### Environment Setup

In [None]:
%load_ext autoreload
%autoreload 2

In [None]:
import pandas as pd
import numpy as np
import seaborn as sns 
import matplotlib.pyplot as plt

In [None]:
# Loading data, creating dataframe
full_dataframe = pd.read_csv("amazon_co-ecommerce_sample.csv")
df = full_dataframe[['uniq_id', 'product_name', 'manufacturer', 'description', 'product_information', 'product_description', 'amazon_category_and_sub_category', 'customers_who_bought_this_item_also_bought', 'items_customers_buy_after_viewing_this_item']]
# df.head()

### Pre-Processing

* Dropping unneeded features
* Removing empty data
* Removing duplicates
* Remove embedded special characters
* Correct/Remove mispelt words
* Remove common words
* Tokenize by white space
* Stemming

In [None]:
# Drop rows with missing data:
df = df.dropna(how='any',axis=0) 
df.reset_index()
# df.shape

In [None]:
# Drop smaller categories with less than 20 items
df['cleaned_category'] = df['amazon_category_and_sub_category'].map(lambda x: x.split(">", 1)[0])
df = df.groupby(['cleaned_category']).filter(lambda x : len(x)>20)
df.groupby(['cleaned_category']).count()['product_name']

In [None]:
# Aggregating text columns for mining (note: assumes equal weights)
df['details'] = df['product_name'] + " " + df['description'] + " " + df['product_description'] + " " + df['product_information']

In [None]:
# Text mining: tokenize the key words

from preprocessor import *
from sklearn.utils import resample

df = resample(df, n_samples=100)  # Trimming data set because my CPU is dying

df['cleaned_data'] = df['details'].map(lambda s: preprocess(s))
# df['cleaned_data']


In [None]:
# # Finding the most frequent words
# from sklearn.feature_extraction.text import CountVectorizer
# vectorizer = CountVectorizer()
# transformed_data_count = vectorizer.fit_transform(df['cleaned_data'])
# temp = list(zip(vectorizer.get_feature_names_out(), np.ravel(transformed_data_count.sum(axis=0))))
# sorted(temp, key=lambda x: x[1])[::-1]


In [None]:
# Getting the TF-IDF and appending it to the main dataframe
from sklearn.feature_extraction.text import TfidfVectorizer
vectorizer = TfidfVectorizer()
transformed_data = vectorizer.fit_transform(df['cleaned_data'])

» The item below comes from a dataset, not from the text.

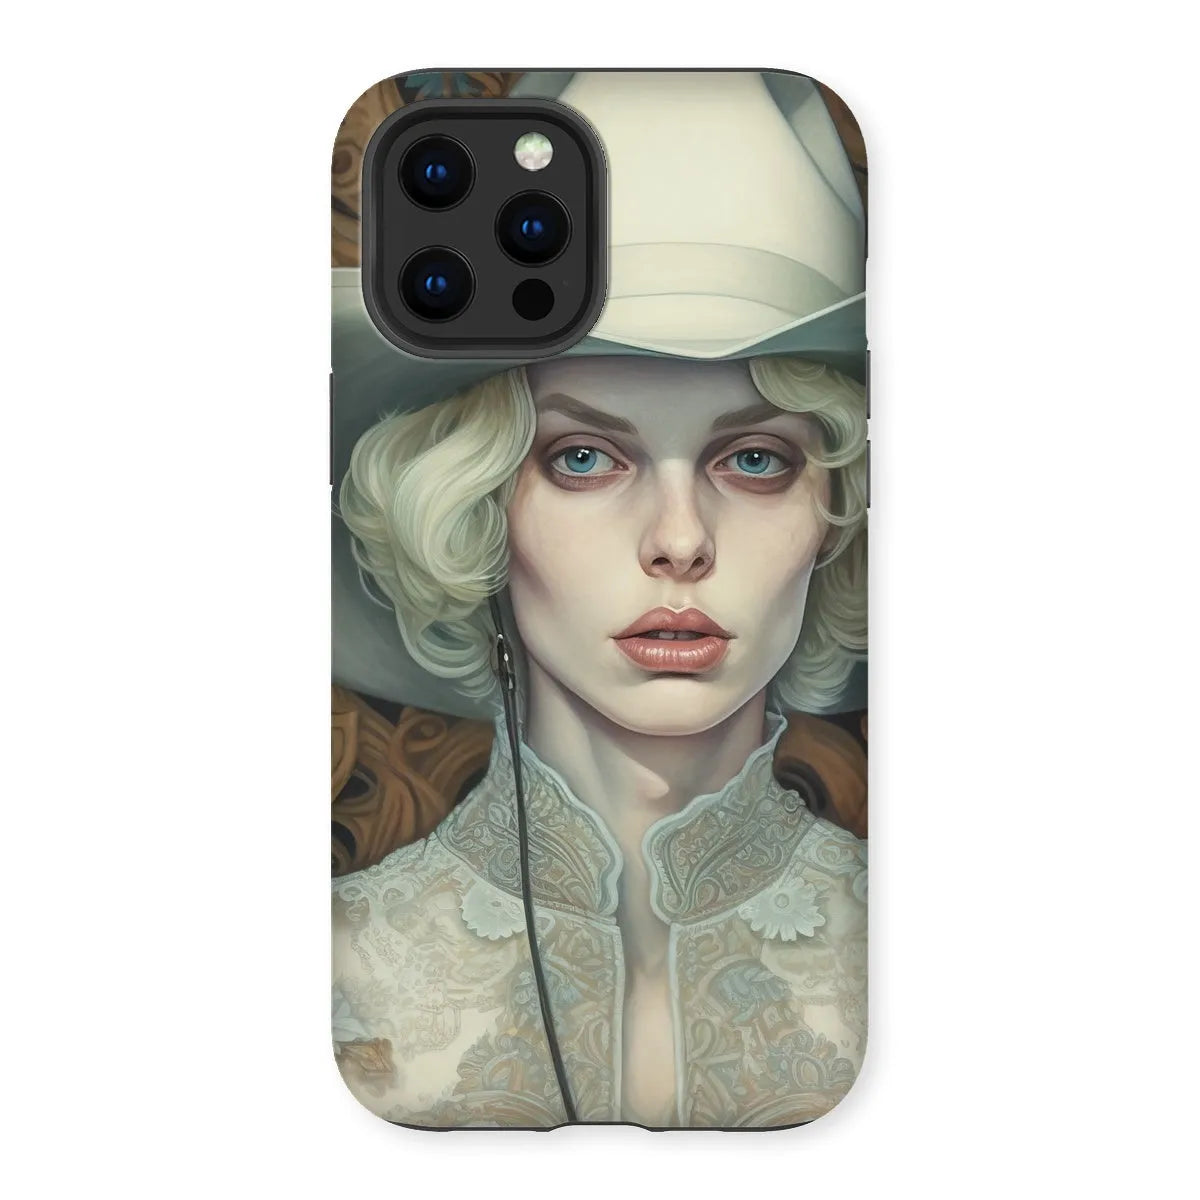 Winnie The Lesbian Cowgirl - Sapphic Art Phone Case - Iphone 12 Pro Max / Matte - Mobile Phone Cases - Aesthetic Art
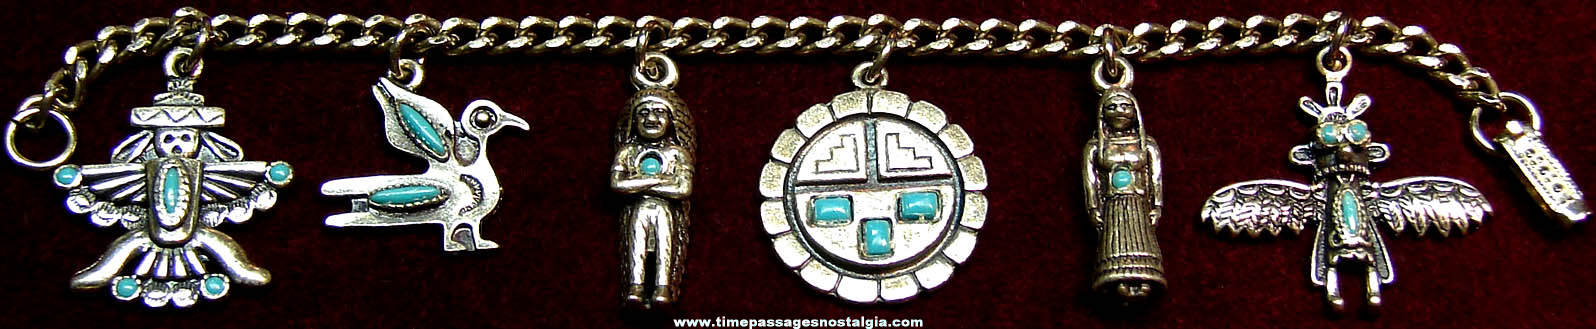 Old Western Native American Indian Theme Charm Bracelet

# Finding the most popular words according to TF-IDF
temp = list(zip(vectorizer.get_feature_names_out(), np.ravel(transformed_data.sum(axis=0))))
sorted(temp, key=lambda x: x[1])


### K-Means Model

In [None]:
# Load the IDF-TF into a dataframe where each feature is a word
from sklearn.preprocessing import scale

df_transformed_data = pd.DataFrame(transformed_data.toarray(), columns=vectorizer.get_feature_names_out())
df_idf = df.join([df_transformed_data]).fillna(0)
df_idf = df_idf.reset_index()
df_idf.drop(['index'], axis=1)

In [None]:
# Assigning each row to a cluster
from sklearn.cluster import KMeans

km = KMeans(n_clusters=14, random_state=1, max_iter=100, init='random')
model = km.fit(transformed_data)
labels = model.predict(transformed_data)

df_idf['cluster'] = labels

In [None]:
# Printing the contents of each cluster
clusters = {}
n = 0
for item in labels:
    if item in clusters:
        clusters[item].append(df_idf['product_name'][n])
    else:
        clusters[item] = [df_idf['product_name'][n]]
    n += 1

for item in clusters:
    print("Cluster ", item)
    for i in clusters[item]:
        print(i)

### Model Evaluation

Compare against the actual recommendations from Amazon, is the data part of the same cluster? What is the manhattan distance?

In [None]:
# Crawling: Extracting product titles from the URLs of suggested items
from crawler import *

In [None]:
# url_to_product_name(df['items_customers_buy_after_viewing_this_item'][0])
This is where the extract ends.